EnCana has received approval for renewal of the company's Normal Course Issuer Bid (NCIB) from the Toronto Stock Exchange (TSX). Under the renewed bid, EnCana may purchase for cancellation up to 37,500,000 of its common shares, representing about five percent of the approximately 751,276,027 common shares issued and outstanding as at November 30, 2009.
EnCana plans to fund its share purchases under the renewed bid from cash, cash flow and the proceeds from potential dispositions. EnCana believes that, depending on the trading price of its shares and other factors, the purchase and cancellation of some of the company’s common shares is a worthwhile investment and in the best interests of EnCana and its shareholders.

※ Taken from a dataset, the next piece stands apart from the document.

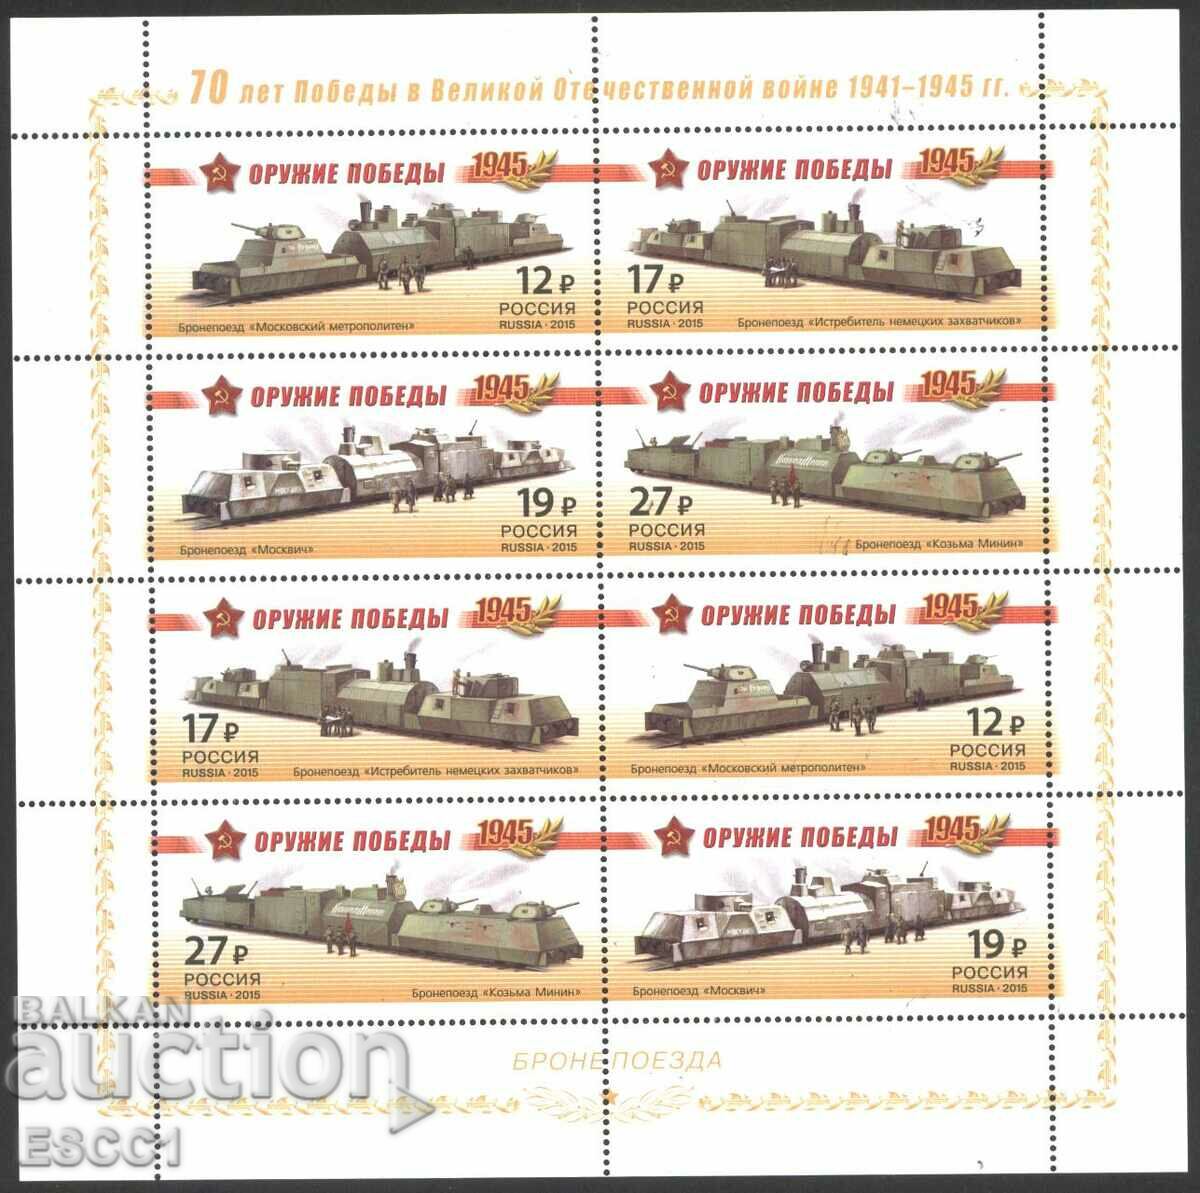 Καθαρά γραμματόσημα μικρό φύλλο Όπλα Νίκης 2015 Ρωσία

Quarterly dividend of 20 cents per share declared
EnCana's Board of Directors has declared a quarterly dividend of US$0.20 cents per share payable on December 31, 2009 to common shareholders of record as of December 21, 2009.
On May 11, 2008, EnCana announced its intention to split into two independent energy companies, at which time it suspended the purchase of common shares for cancellation, pending completion of the transaction. EnCana did not purchase any common shares under its previous NCIB, which expired November 12, 2009. On November 30, 2009, EnCana announced the completion of the split transaction.
Purchases under the renewed NCIB may commence on December 14, 2009 and purchases of common shares may be made until December 13, 2010. Daily purchases will not exceed 25 percent (being 482,516 common shares) of the average daily trading volume for the six calendar months prior to the date of approval of the bid by the TSX, subject to EnCana’s ability to make block purchases through the facilities of the TSX in accordance with the TSX rules. EnCana’s average daily trading volume on the TSX during the last six calendar months was 1,930,067 common shares. Purchases will be made on the open market through the facilities of the TSX in accordance with its policies, and may also be made through the facilities of the New York Stock Exchange (NYSE) in accordance with its rules. Approval of the bid is not required from the NYSE. The price to be paid will be the market price at the time of acquisition.